Era imposible creer que ella le ganaría. Tenía que usar la sorpresa. Tanteó en su bolsillo y sintió la fría jeringa. Quería usarla solo en caso de emergencia. Después de todo, estaba hecha con el medicamento de Emil. Miró atrás y luego a la oscuridad. El tiempo estaba contado. Tenía que hacer algo sin importar que tan alocado sea.

—¿Le caes bien? —preguntó. Una idea se le estaba formando y dependía de Rob.

—Más o menos. ¿Por qué?

—Perfecto —respondió Sabina ignorando la pregunta. Después se preparó. Tronó sus dedos y calentó las rodillas —. ¿Estás listo para gritar?

—¿Gritar?

Sin darle tiempo, Sabina le dio un rodillazo en su ingle. El grito no solo fue natural, sino lleno de dolor.

—Pide ayuda —le ordenó, dándole otra patada.

Rob le miró con ojos vidriosos, pero le hizo caso. Comenzó a gritar pidiendo ayuda. Pegaba alaridos que parecía que de verdad le mataban. Además, añadió la historia de que una loca había entrado armada con un hacha y que lo mataría. Sabina corrió hacia las escaleras y esperó en la entrada.

Rob le ayudó botando todas las cosas que encontraba, desde jarrones a candiles. Durante minutos eternos, solo el sonido del caos llenó la habitación. El guardia no respondía. Sabina comenzó a pensar que su plan había fracasado, pero entonces una sombra se movió.

Era apenas un juego de luz, como una vela que se enciende y se mueve con cada paso. Además, vino acompañado de unos pasos pesados que poco a poco subían las escaleras. No iba muy deprisa y Sabina sentía que el tiempo corría muy lento. Le hubiera encantado saber cuántas escaleras había.

Sostenía en su mano, la pequeña jeringa. Su afilada punta esperaba a la víctima y el sudor de sus manos se volvía cada vez más pegajoso. De pronto, el tiempo despegó, aumentó la velocidad diez mil veces y en un segundo la cabeza del hombre se asomó a la cima.
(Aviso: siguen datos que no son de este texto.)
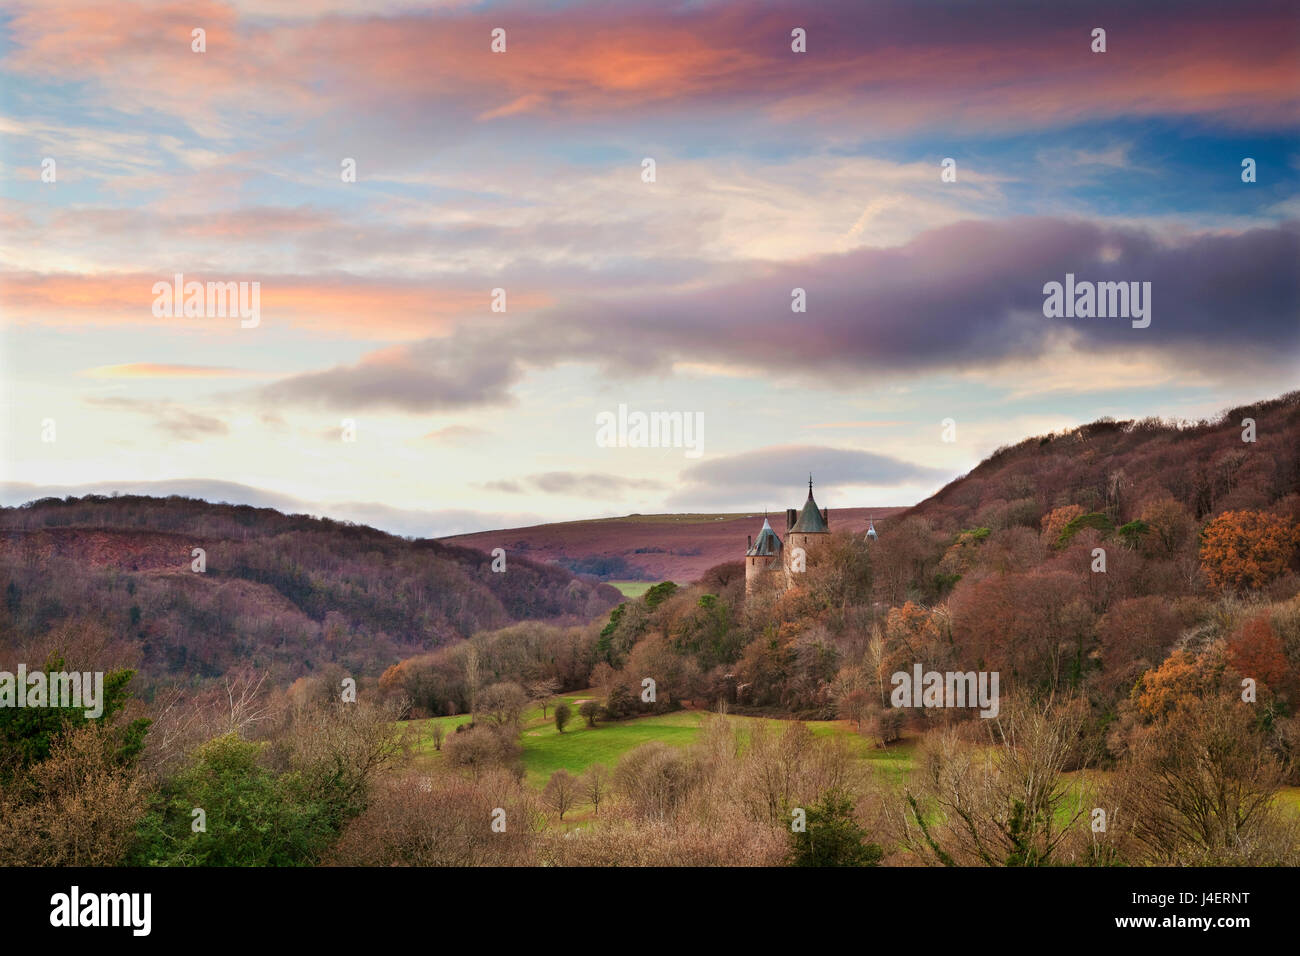 Castle Coch (Castell Coch) (Le Château Rouge), Tongwynlais, Cardiff, Pays de Galles, Royaume-Uni, Europe Photo Stock

No llevaba casco, pero su cuello estaba protegido por una camisa mal arreglada. Sabina apretó los dientes y se lanzó al ataque.

Empuñó la aguja como un cuchillo y saltó contra el guardia. En su mente era un plan sencillo, solo tenía que clavársela y apretar el émbolo. Emil se lo había enseñado e incluso practicado un par de veces. Claro que Emil era más bajito y considerado. El salto de Sabina quedó a la mitad y el guardia “lento” no resultó serlo. Le tomó de la muñeca y la mandó volando.

El golpe la dejó sin aliento y la hizo perder la jeringa. Escuchó que en algún lugar se rompía e imaginó que el vidrio se esparcía por todas partes. Medio a gatas intentó reincorporarse, pero pronto sintió un dolor agudo en las costillas y después en la cadera. Su cabeza giraba sin control y no podía enfocarse en nada. De alguna forma, terminó arrinconada y con una mano gigante alrededor de su cuello. Intentó clavarle las uñas en los antebrazos y obligarle que la soltara. Nada funcionó.

—Tú no puedes cargar un hacha —murmuró el hombre.

Poco a poco le hacía falta el aire. Sus pulmones ardían y su visión se volvía borrosa. Boqueaba sin éxito y pateaba sin fuerza. Los puntos blancos bailaban frente a ella y después… la soltó. Apenas tuvo tiempo de poner las manos.